On February 15, 2000, the Federal Court of Justice, Germany's highest court in civil and criminal cases, ruled the 12 vaccinations to be the country's medical standard.
However, parents alone decide whether their child receives all 12 vaccines.
'Many parents are wary,' remarked Sigrid Ley-Koellstadt, a physician for the Marburg-based German Green Cross (DGK). They wonder which vaccinations are important and what is good for their child.
'In their search for answers, many parents use the internet and come across a lot of inaccurate information,' Ley-Koellstadt said. She urgently advised parents to consult a paediatrician or at least make sure that the informational pages they consult on the internet are certified.
'Vaccinations save lives,' she pointed out, adding that the need to immunize children should not be a matter of debate anymore. But, as the saying goes, 'Out of sight, out of mind.'
As many diseases have disappeared, a lot of people seemed inclined to think the threat they posed had passed, she noted.
This assumption is false, Ley-Koellstadt stressed. 'If a society isn't systematically immunized, these diseases return,' she said.
Take measles, for instance. To 'wipe out' this viral disease within a population, 95 per cent of the people have to be vaccinated against it. This percentage has not yet been reached in Germany. Consequently, measles epidemics repeatedly break out in various German states.
More than 30 cases of measles have been reported in the city-state of Hamburg since the start of 2009, and the RKI has registered isolated cases this year in the states of Rhineland-Palatinate and Bavaria. In the state of North Rhine-Westphalia, several schools were temporarily closed after students there came down with measles.
Measles is not an innocuous childhood illness; it carries the risk of serious complications.
'Measles encephalitis (inflammation of the brain) occurs in one in 1,000 cases of measles, and about every third infected child suffers permanent damage,' according to Martina Lenzen-Schulte, an author from the German city of Freiburg who specializes in medical topics.
In fact, the risk of serious or even fatal consequences from a measles infection is many times greater than possible side effects from a vaccination.
'Of course complications arise after vaccinations in certain cases, but they are far outweighed by the risk of not vaccinating,' Lenzen-Schulte said.
Parents should also be aware of their own vaccination status. In a survey by the Quarks and Co. science programme of the Cologne-based West German Broadcasting Corporation, about 25 per cent of adults who responded did not know whether they had been adequately vaccinated against smallpox, measles, mumps and rubella. Only 30 per cent were certain they had been vaccinated against pertussis.

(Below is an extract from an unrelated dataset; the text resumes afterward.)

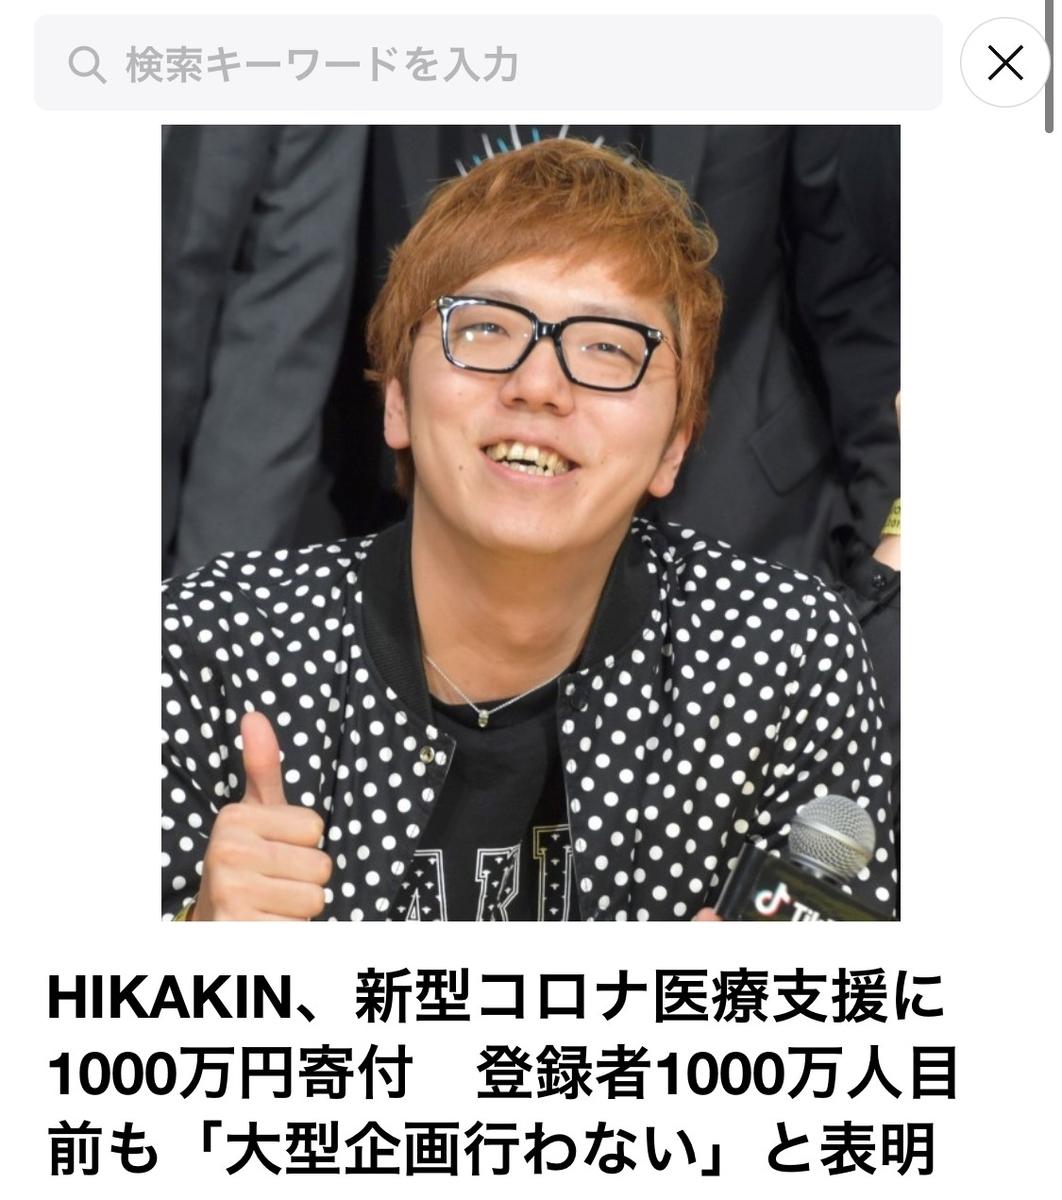 f:id:gk-murai33-gk:20210826100855j:plain

'Especially given these circumstances, an infant's surroundings should be sheltered because the smallest ones are at the highest risk before they can be vaccinated,' Lenzen-Schulte said.
Physicians consequently recommend that parents not only check and update their children's vaccination calendar regularly, but their own as well.
Immunization also lowers the risk of infection in a society as a whole.